#### SUPPLIED ENTRIES ####
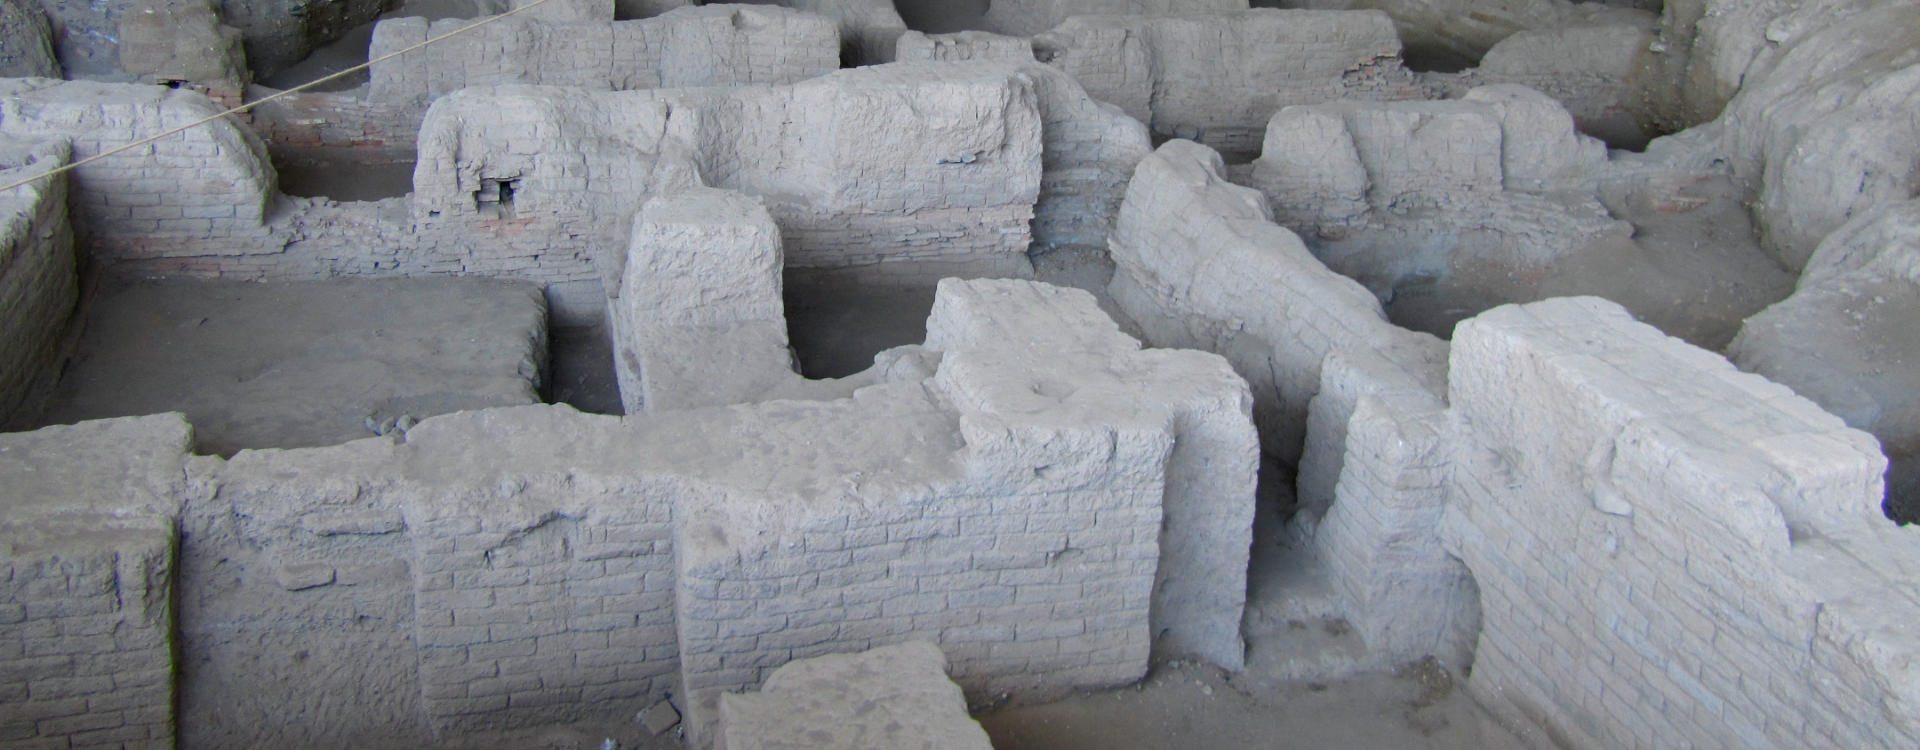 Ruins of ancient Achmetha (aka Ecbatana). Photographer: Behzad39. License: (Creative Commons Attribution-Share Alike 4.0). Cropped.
####
#### SUPPLIED ENTRIES ####
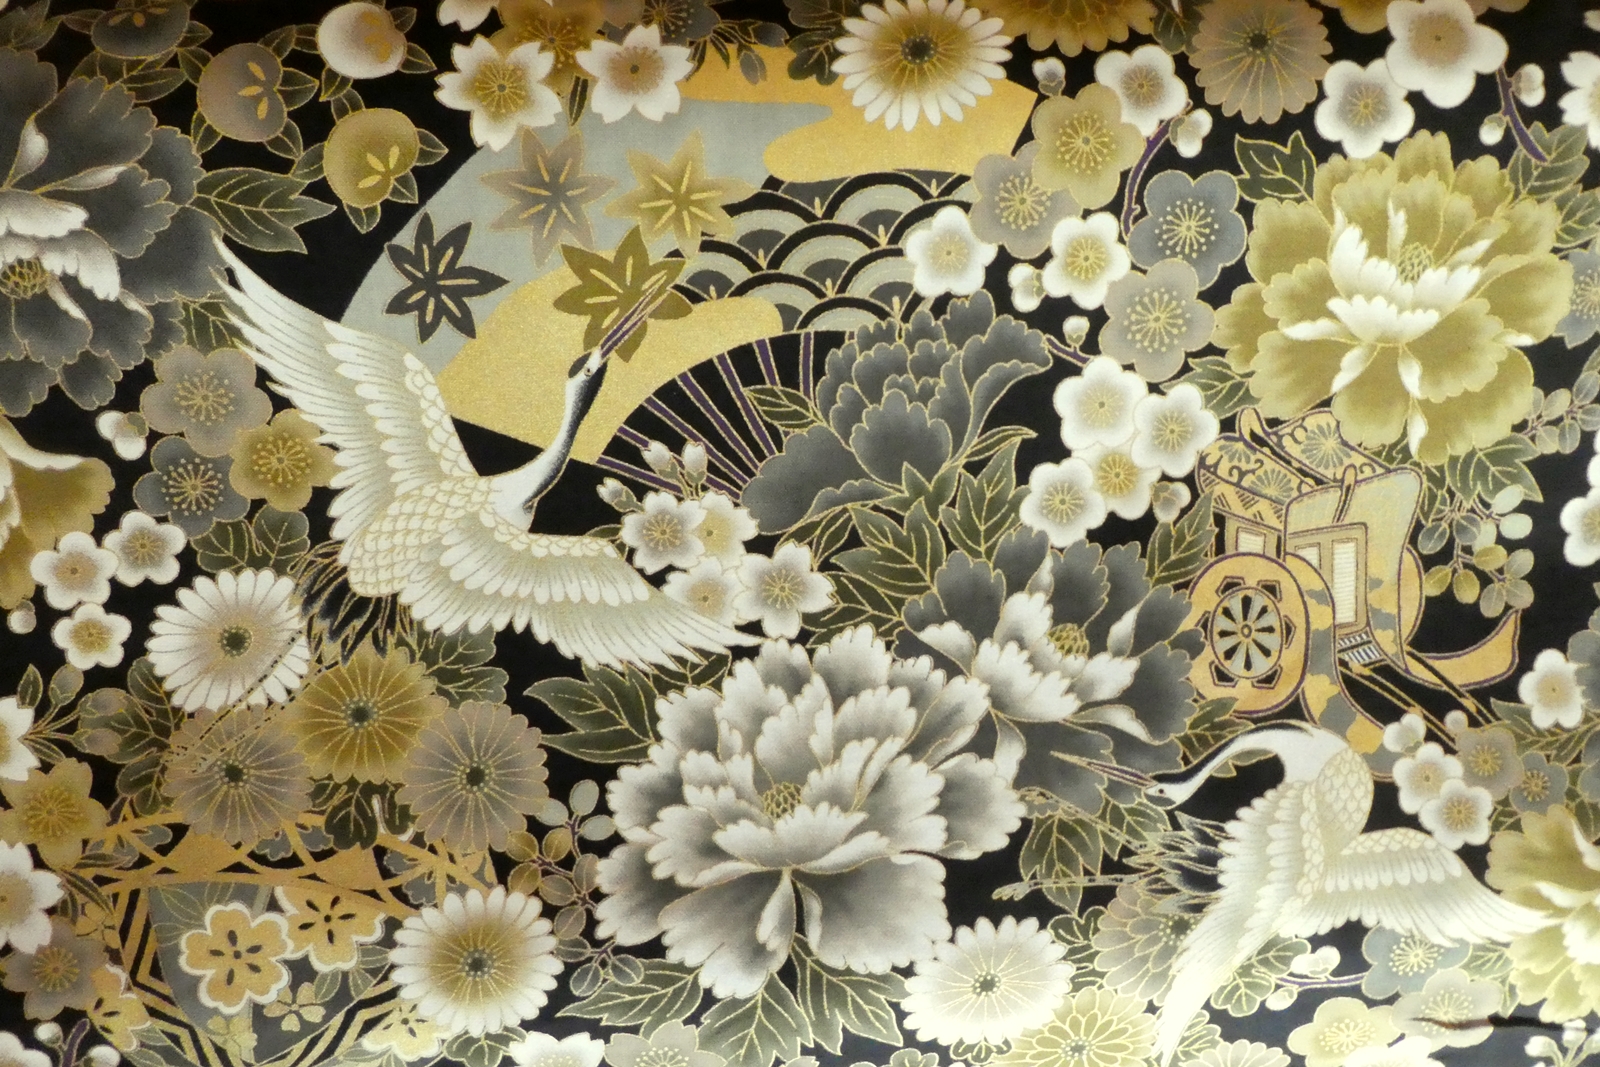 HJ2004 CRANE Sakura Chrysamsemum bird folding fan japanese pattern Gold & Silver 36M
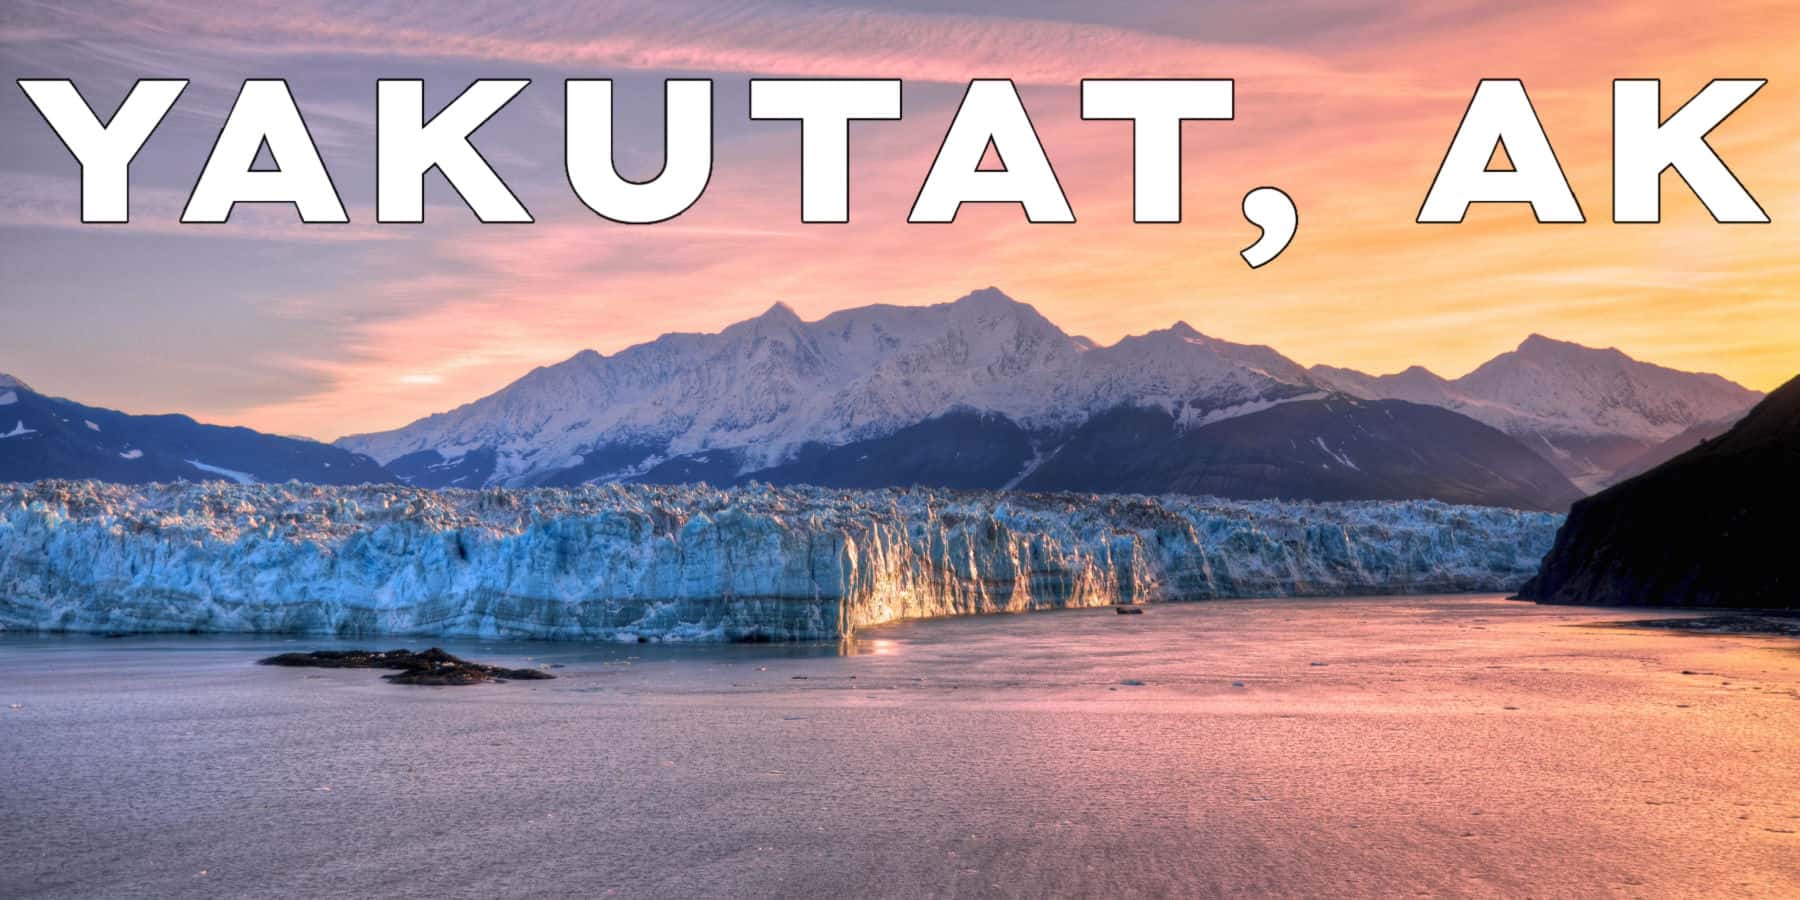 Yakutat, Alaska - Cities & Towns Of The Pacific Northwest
####
#### SUPPLIED ENTRIES ####
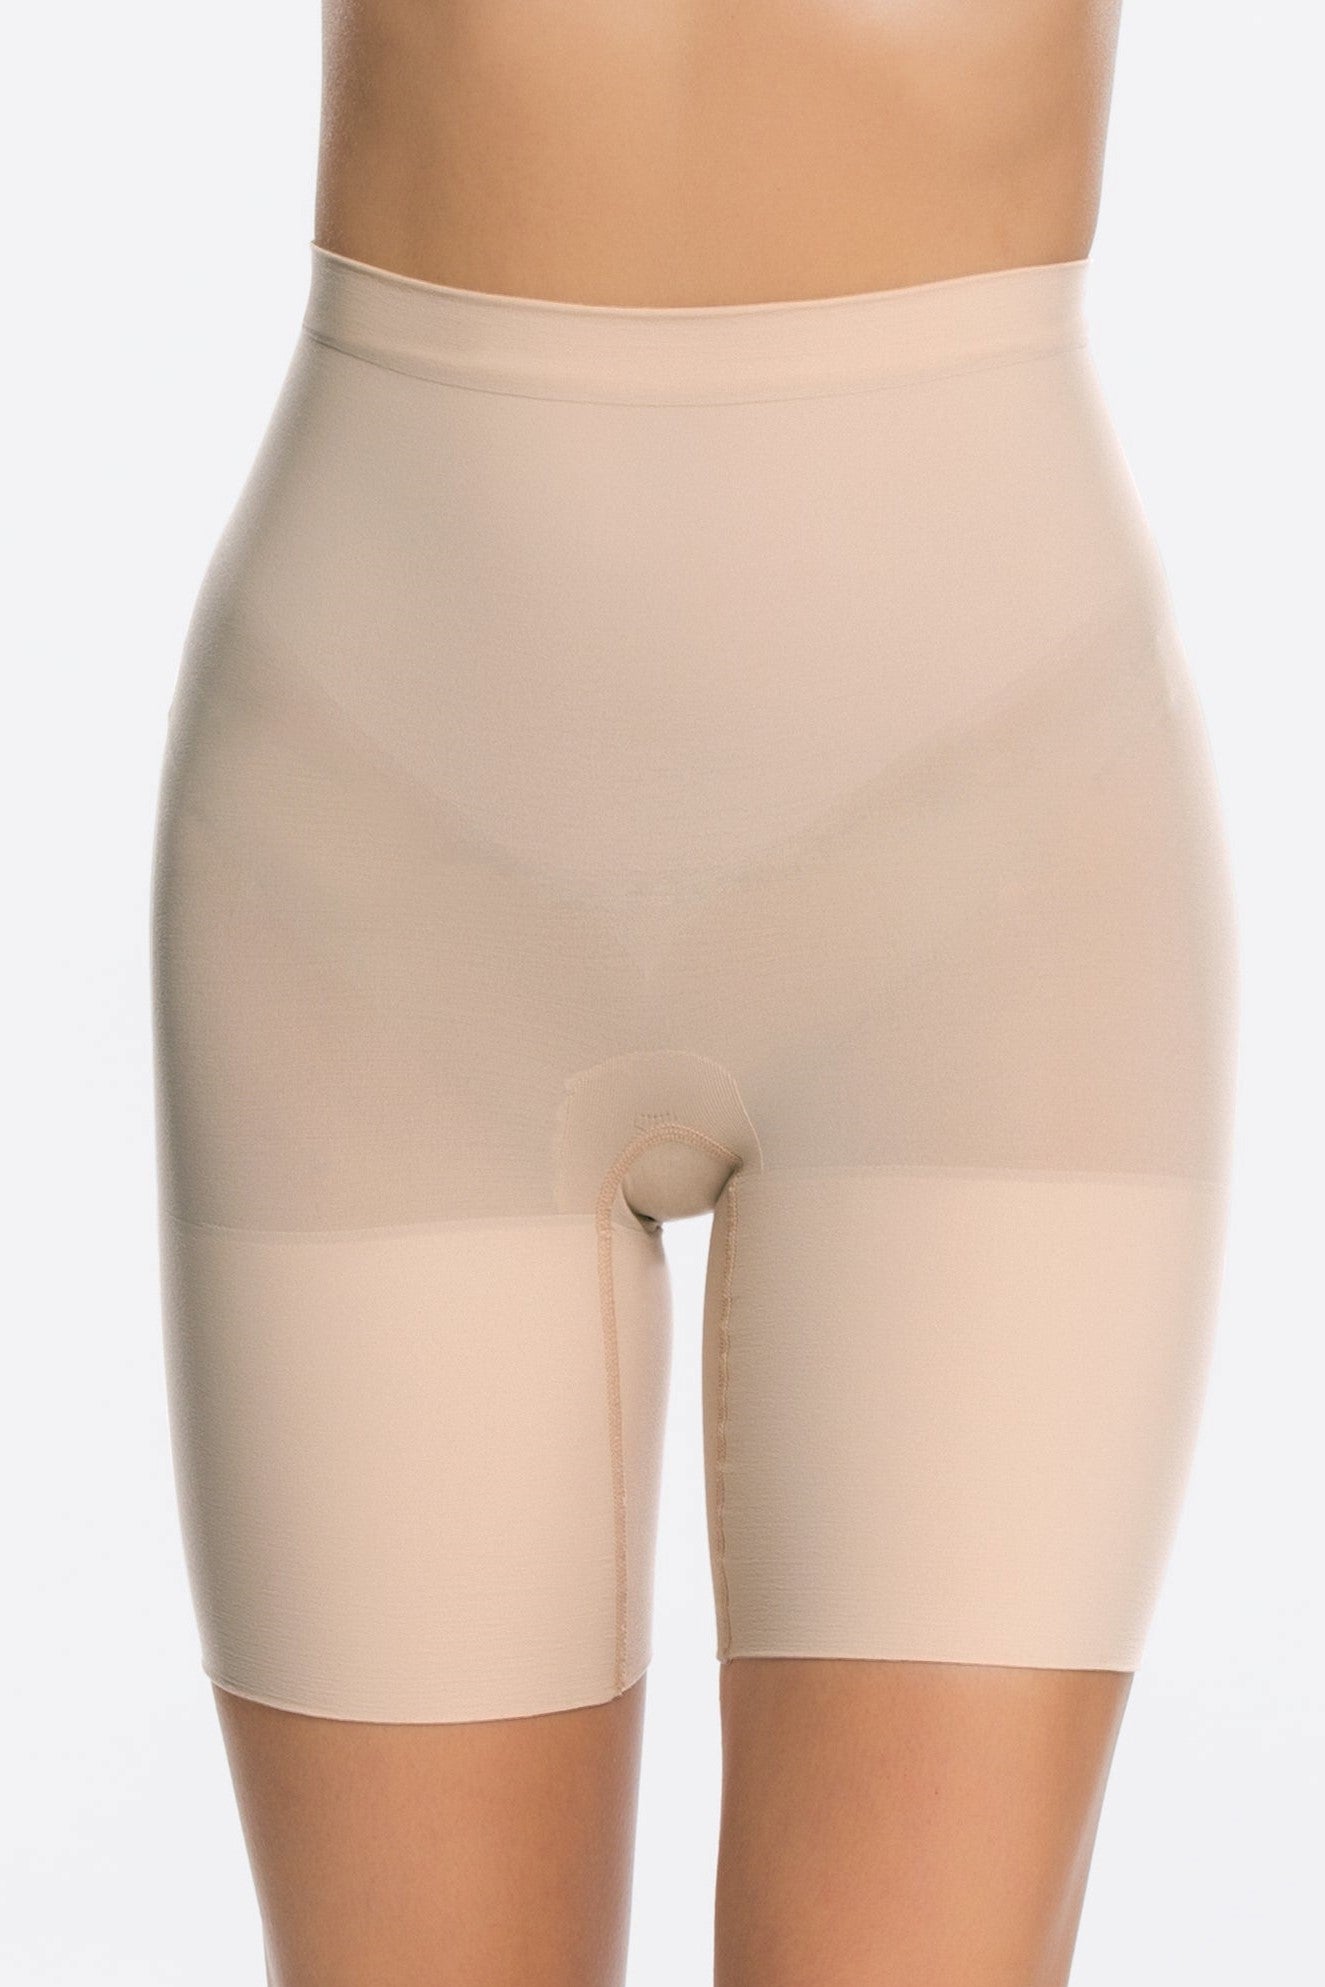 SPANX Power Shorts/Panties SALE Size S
####
REQUIREMENT: Give again, exactly as written above, every line from the one holding "HJ2004 CRANE Sakura" to the one holding "Yakutat, Alaska - Cities", with both ends kept and the pictures left out.

TASK OUTPUT:
 HJ2004 CRANE Sakura Chrysamsemum bird folding fan japanese pattern Gold & Silver 36M
 Yakutat, Alaska - Cities & Towns Of The Pacific Northwest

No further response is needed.